Elsevier

Speech Communication

Volume 96, February 2018, Pages 37-48
Speech Communication

Tooth visualization in vowel production MR images for three-dimensional vocal tract modeling

https://doi.org/10.1016/j.specom.2017.11.005Get rights and content

Abstract

Teeth are almost invisible in magnetic resonance imaging (MRI) because they lack free protons to magnetically react. In MRI-based studies on the vocal tract, the teeth must be visualized on the volume data obtained during articulation.
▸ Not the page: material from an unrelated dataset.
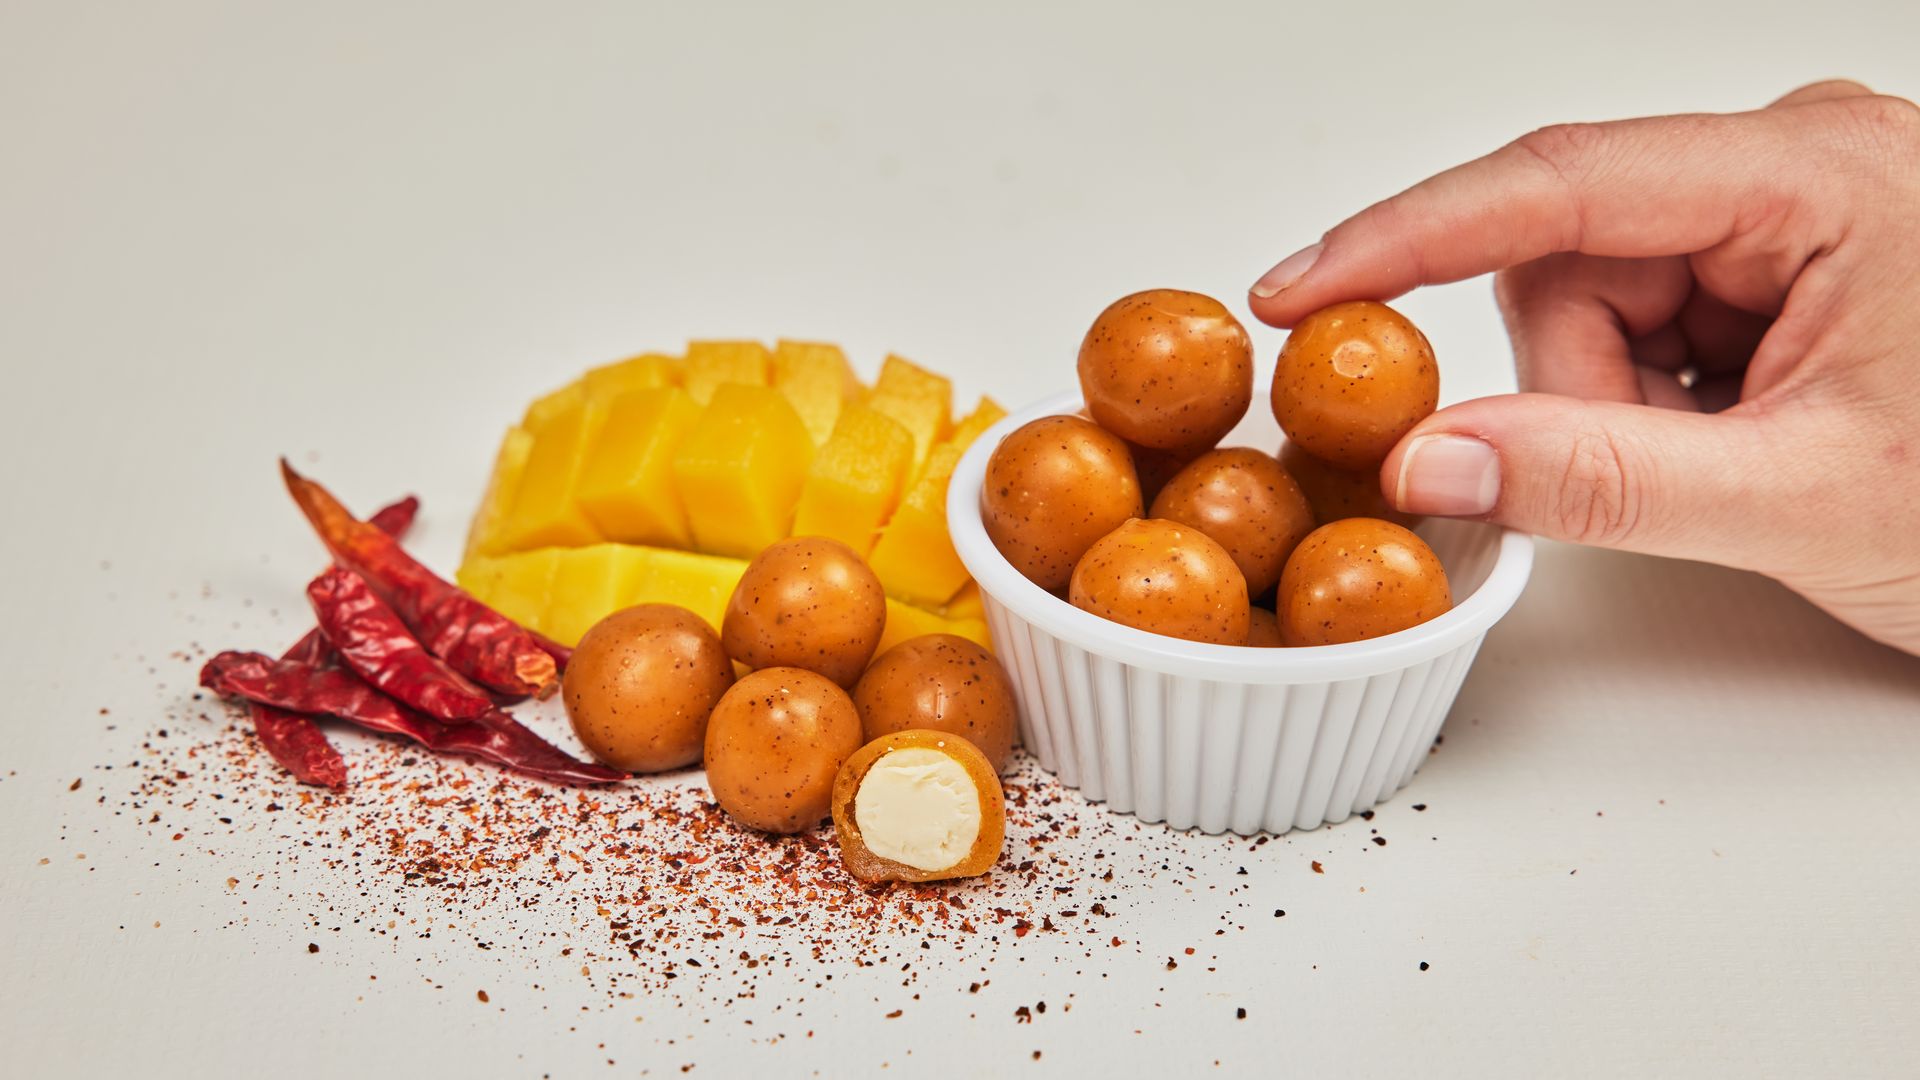 Bite-sized balls of cheese are wrapped in edible packaging.

To do so, varieties of techniques have been proposed, either covering the teeth by opaque materials or obtaining tooth images followed by their superimposition. In this article, a new method was proposed to visualize the teeth in vowel production MR images for the application of three-dimensional (3D) vocal tract modeling. 3D upper and lower jaw with the teeth was first extracted and reconstructed from static 3D-MRI data acquired during a simple ‘tooth imaging’ posture with minimal time and effort. The extracted 3D jaw with the teeth was superimposed onto the vowel production MRI volume three-dimensionally by using the dental pulps as volume-based landmarks to minimize fitting errors due to varied head positions across the scans. The effectiveness of the proposed method was demonstrated not only by the subjective opinions but also by the objective evaluation. The results show that the teeth are successfully and accurately superimposed onto the vowel production MR images. Also, the reconstructed 3D vocal tract models are observed with the bilateral interdental spaces after tooth superimposition. The proposed method solves the MRI-specific problem of the lack of tooth images and contributes to accurate 3D vocal tract measurement and reconstruction.

Introduction

Speech sounds with the phonetic quality result from the air column resonance in the vocal tract (Redford, 2015). Studies of vocal tract resonance patterns associated with vowels have long relied on 2D visualization of the vocal tract outline obtained by X-ray observation (Chiba and Kajiyama, 1942, Fant, 1960, Welch et al., 1989). Recent advances in digital imaging techniques have become available to acquire 3D shape information about the vocal tract volume by using volumetric imaging, such as magnetic resonance imaging (MRI) (Rokkaku et al., 1986, Baer et al., 1987) and computed tomography (CT) (Johansson et al., 1983, Perrier et al., 1992).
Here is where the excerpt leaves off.